Social resources may provide a potential area of intervention for supporting cognitive health in mid- to late-life; however, little is understood about the processes through which social support influences cognition. Receiving emotional social support from others may reduce physiological arousal during periods of stress and thus prevent its downstream effects on the brain, a theory known as the stress-buffering hypothesis (Eisele et al., 2012; Sims et al., 2011). The act of developing and maintaining social relationships also uses various cognitive processes, encouraging their maintenance (Ellwardt et al., 2013), similar to what is observed in cognitive reserve (Eisele et al., 2012; Stern, 2002). In contrast to the stress-buffering hypothesis, a putative cognitive reserve mechanism would help to explain seemingly contradictory findings that positive social experiences as well as more negative social interactions (Hughes et al., 2008) and greater social strain in relationships (Ge et al., 2017) are all associated with higher global cognitive function.
Most research investigating the association between social support and cognitive function has focused on objective (structural) measures of support (e.g., marital status and size of social network) because this information is readily available in larger studies. However, considering only the objective quantity of support may not accurately reflect the actual levels of received or perceived social support or the potential benefit of social support interventions. Older adults often experience a trimming of their social networks over time as they focus on their most beneficial relationships and network members are lost; however, this reduction does not necessarily decrease the level of perceived social support they receive (Gurung et al., 2003).
Measures of perceived (functional) social support may explain changes in cognitive function even after accounting for structural measures of support. These measures capture access and quality of support by asking individuals whether they perceive sufficient support as being available when they need it (Sherbourne & Stewart, 1991). Higher ratings of functional social support are associated with higher scores on measures of cognitive function (Mogic et al., 2023) and lower risks of developing dementia (Khondoker et al., 2017; Sörman et al., 2015).
Whether an effect of functional social support on cognitive function is consistent across all subtypes of social support is less clear. Tangible and emotional/informational subtypes of support have been investigated in the greatest depth, often with conflicting results. Reductions in tangible support may negatively impact executive function (Dickinson et al., 2011), but increases may reflect greater need and signal a decline in cognitive health as those who report high tangible support may already be depending on these resources (Pillemer et al., 2019).

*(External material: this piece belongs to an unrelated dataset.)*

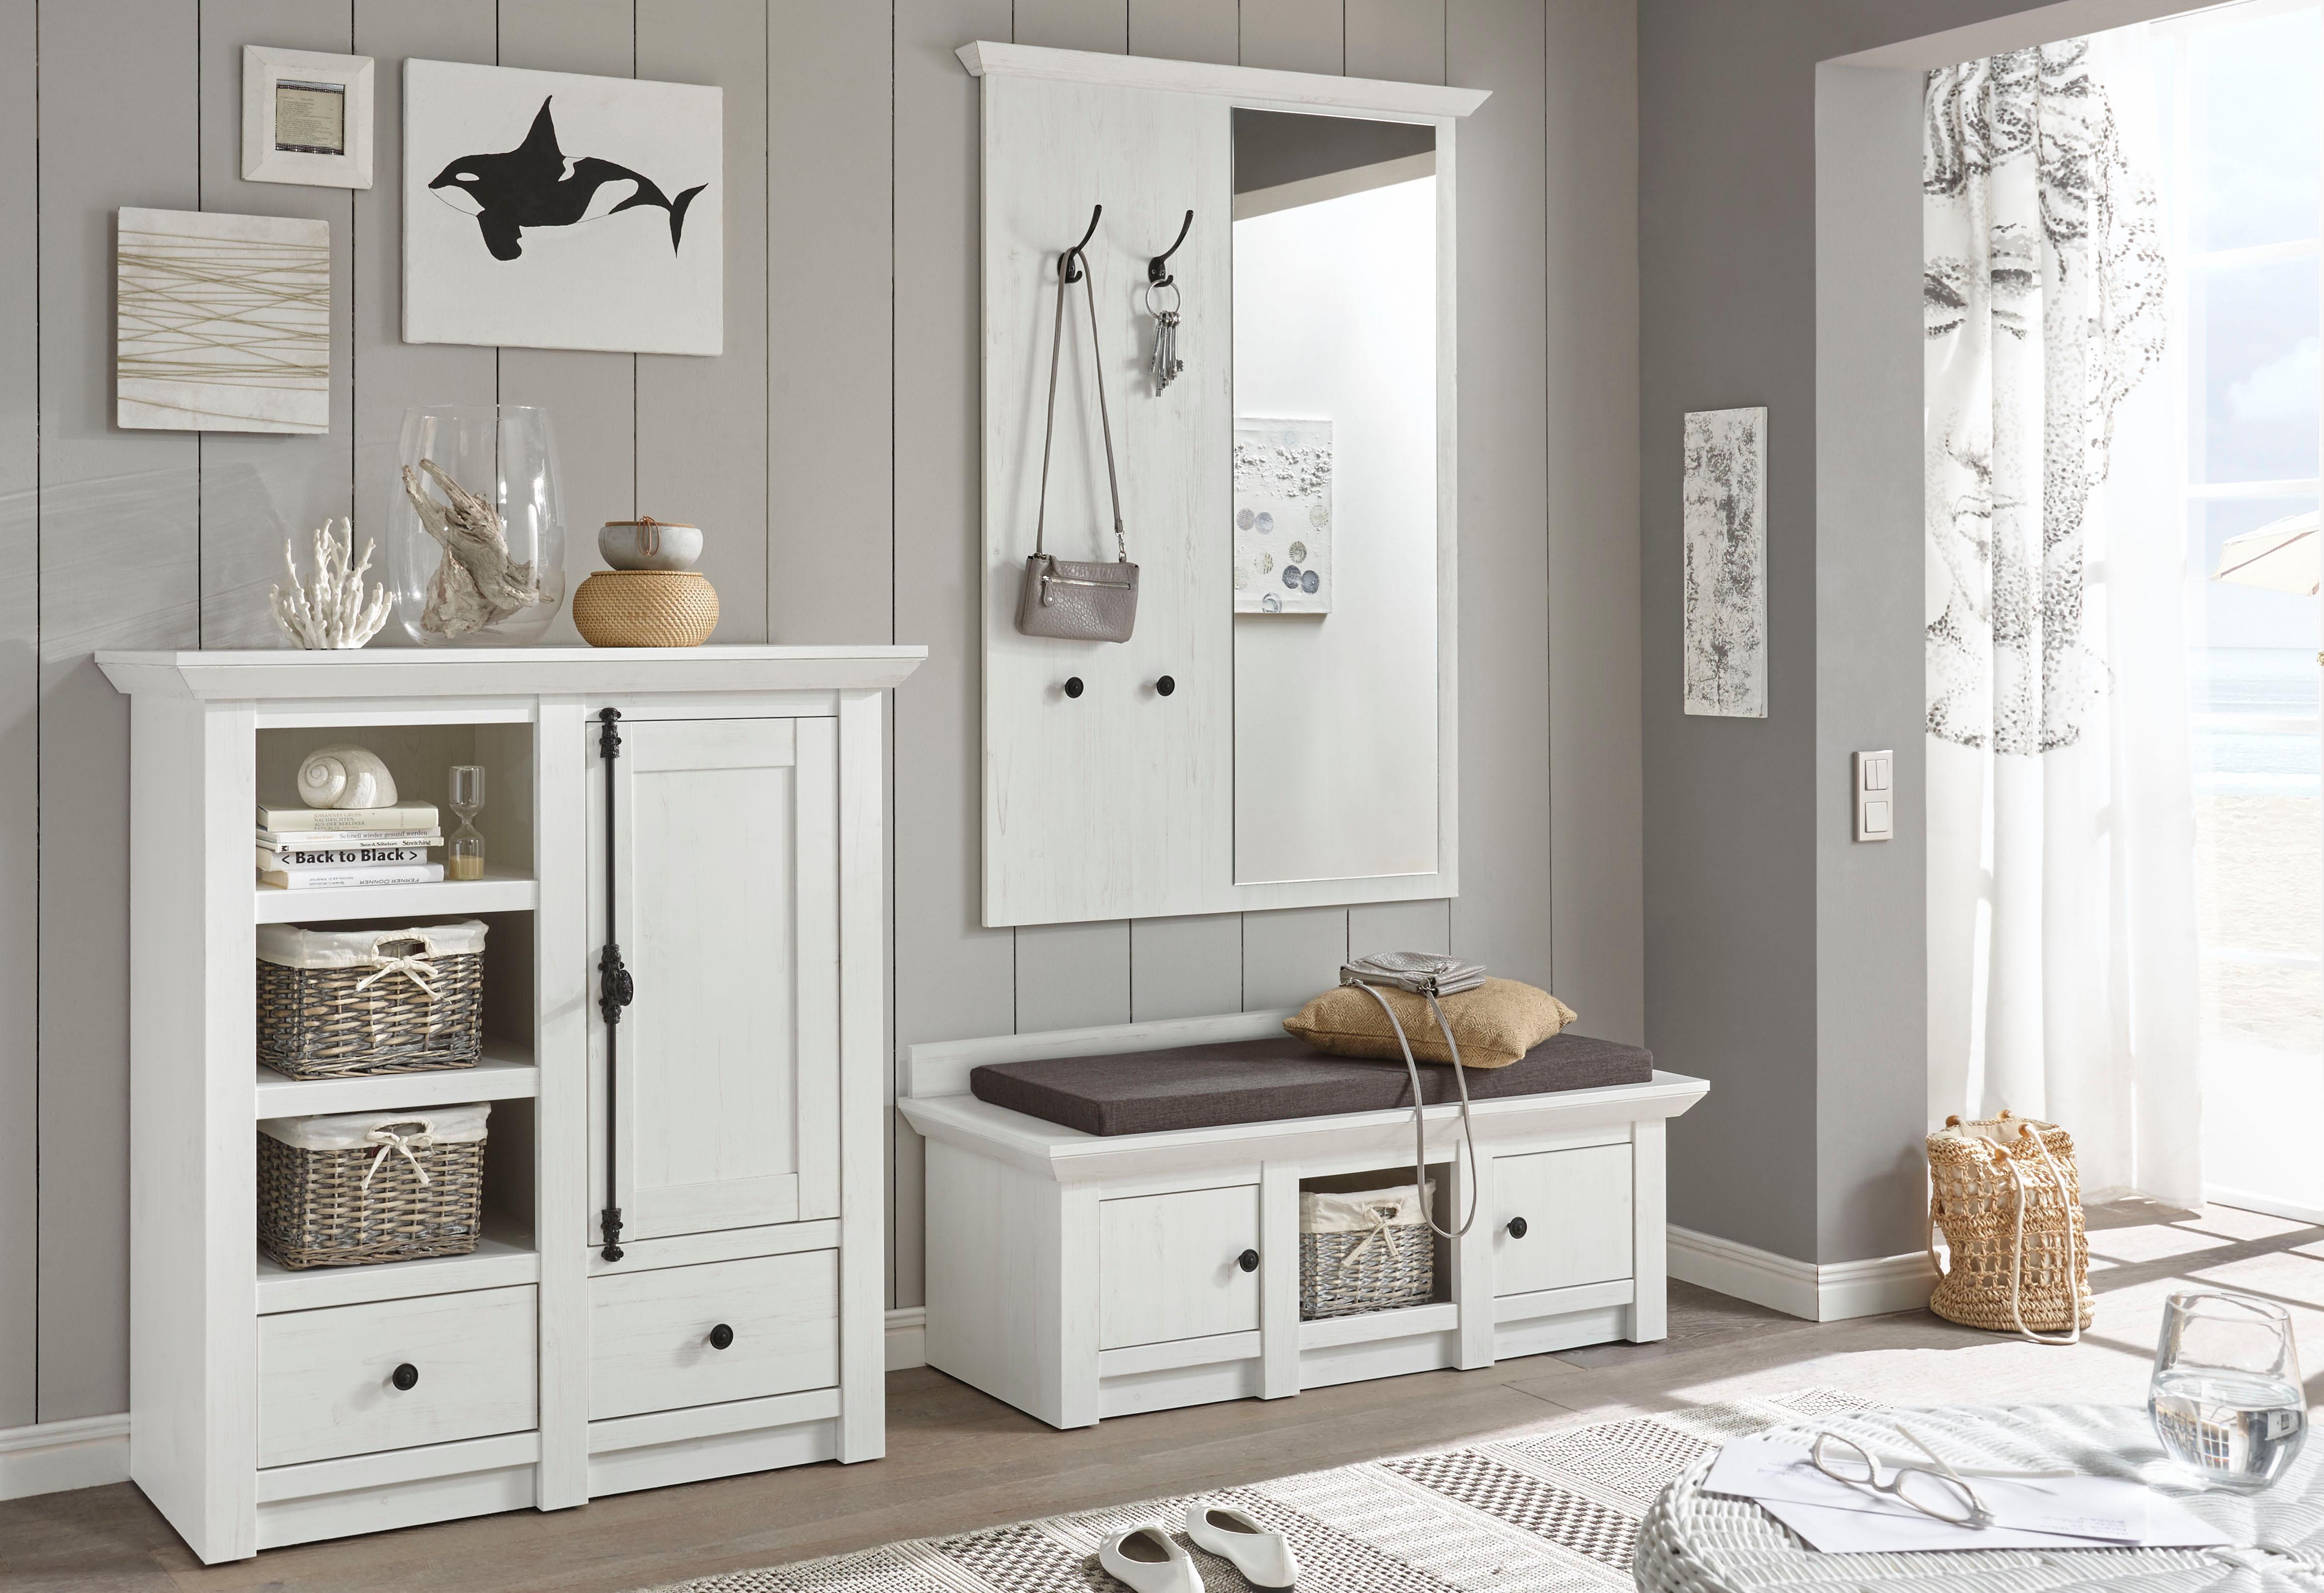 garderobe paneel preisvergleich die besten angebote. Black Bedroom Furniture Sets. Home Design Ideas
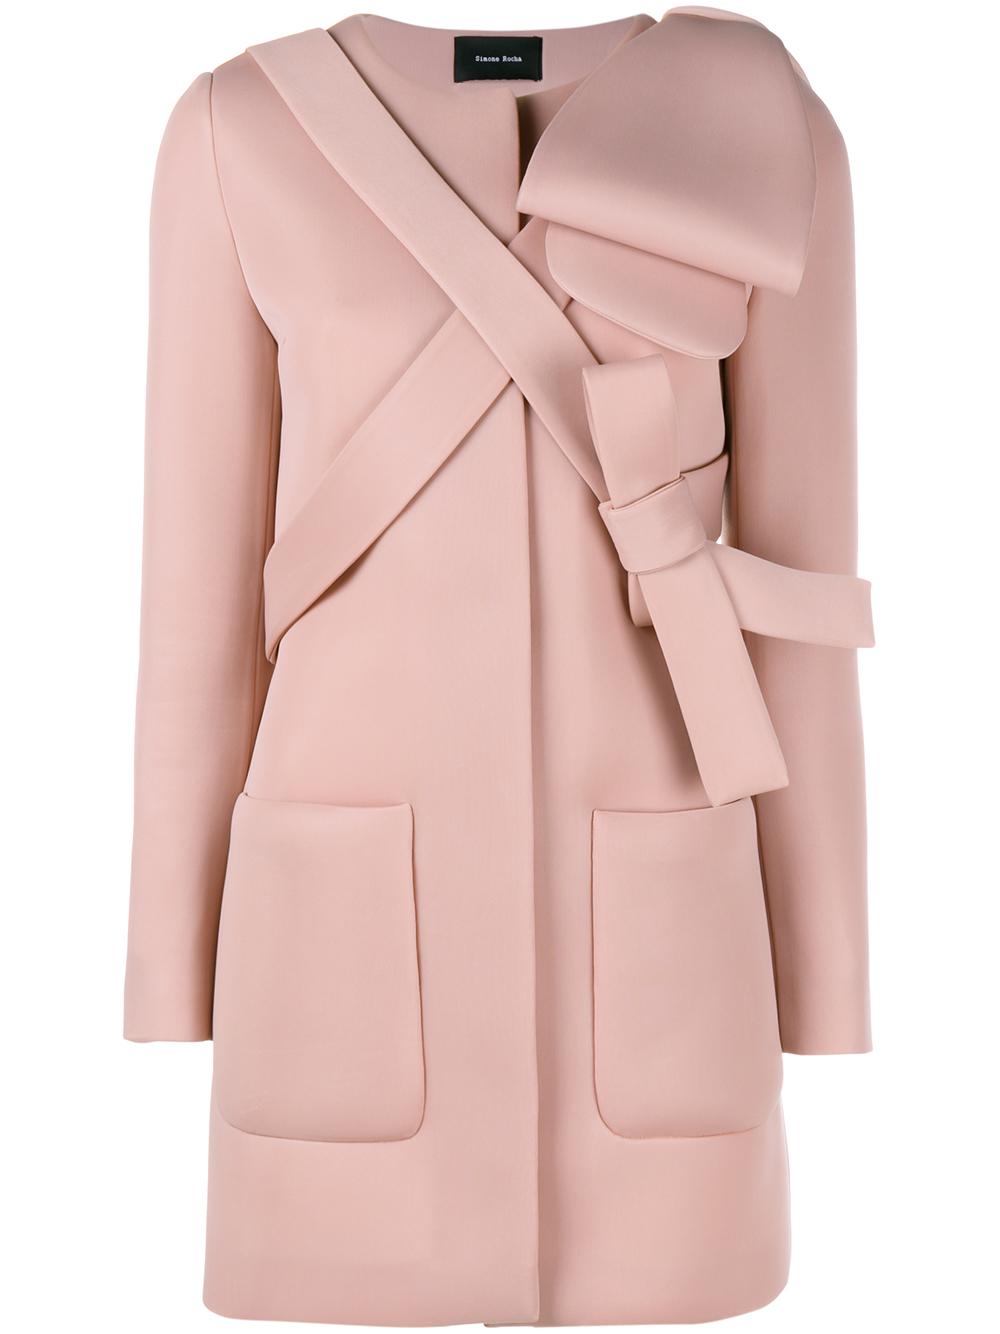 Simone rocha Neoprene Bow Coat in Pink   Lyst

In contrast, while high emotional support is not significantly associated with cognition in all studies (Eisele et al., 2012), it has generally been associated with better cognitive function in older adults (Ellwardt et al., 2013; Pillemer & Holtzer, 2016; Seeman et al., 2001; Sims et al., 2014; Stinchcombe & Hammond, 2022), whereas lower emotional social support has correspondingly been associated with worse cognitive function (Harling et al., 2020).
Assessing the types of functional social support that are associated with specific cognitive domains is essential for developing effective social support interventions to prevent cognitive decline in aging populations. Utilizing a large, population-based, community-dwelling sample of adults in mid- to late-life, this study investigated (1) whether functional social support was associated with executive function and (2) whether this association differed by subtype of functional social support.
Methods
Data Source and Study Population
Analyses utilized baseline data from the Comprehensive cohort of the Canadian Longitudinal Study on Aging (CLSA), a national, population-based, prospective panel study of community-dwelling Canadian adults between the ages of 45–85 years at recruitment (Raina et al., 2009). A detailed description of the CLSA recruitment and sampling process is provided elsewhere (CLSA, 2023). In brief, participants in the Comprehensive cohort were sampled from within 25–50 km of 1 of 11 data collection sites spread across seven provinces. Participants completed in-home surveys as well as interviews and physical examinations at their closest data collection site. The CLSA excluded full-time members of the Canadian Armed Forces; individuals living in the three Canadian territories, on federal First Nations reserves, or in institutions; and participants whom recruiting staff identified as having cognitive impairment. Additionally, we excluded participants who did not complete the assessment at their data collection site (n = 137) or who had missing data on any of our analytic variables (n = 6,469), thereby resulting in an analytic sample of 23,491.
Measures
Exposure
Functional social support was measured at baseline using the 19-item Medical Outcomes Study-Social Support Survey (MOS-SSS) (Sherbourne & Stewart, 1991). The MOS-SSS assesses overall social support as well as four subtypes of support: emotional/informational support (e.g., someone you can count on to listen to you when you need to talk), tangible support (e.g., someone to take you to the doctor if needed), affectionate support (e.g., someone who shows you love and affection), and positive social interactions (e.g., someone to get together with for relaxation). One item (i.e., someone to do things with to help you get your mind off things) is included in the calculation of the overall score of social support but is not included in any of the social support subtypes (RAND Health, 2018). Participants were asked to respond to the 19 questions on a scale from 1 (none of the time) to 5 (all of the time) based on how often the type of support described was available to them if needed. A higher score indicated greater perceived support. A combined score for each social support subtype was calculated using the average score from all items for that subtype, while the overall social support score was calculated by averaging the scores for all 19 items (RAND Health, 2018). As the social support scores were not normally distributed, low social support was dichotomized (yes vs. no [reference]) for overall support and each subtype using a cut-off of ≤3 out of 5 (reflecting support ‘none’, ‘a little’, or ‘some’ of the time).
Outcome
Executive function in the CLSA was assessed at baseline using five measures (Tuokko et al., 2017): the Animal Fluency Test (AFT) (Read, 1987), Mental Alternation Test (MAT) (Teng, 1995), Controlled Oral Word Association Test (COWAT) (Lezak et al., 2004), Time-Based Prospective Memory Test (TMT) (Loewenstein & Acevedo, 2001), and Victoria Stroop Neurological Screen Test (Stroop) (Bayard et al., 2009, 2011; Moroni & Bayard, 2009; Spreen & Strauss, 1998; Stroop, 1935; Troyer et al., 2006). Tests were modified for use in the CLSA. Specific details regarding how these instruments were modified, administered, and scored in the CLSA are available elsewhere (CLSA, 2019; Tuokko et al., 2017).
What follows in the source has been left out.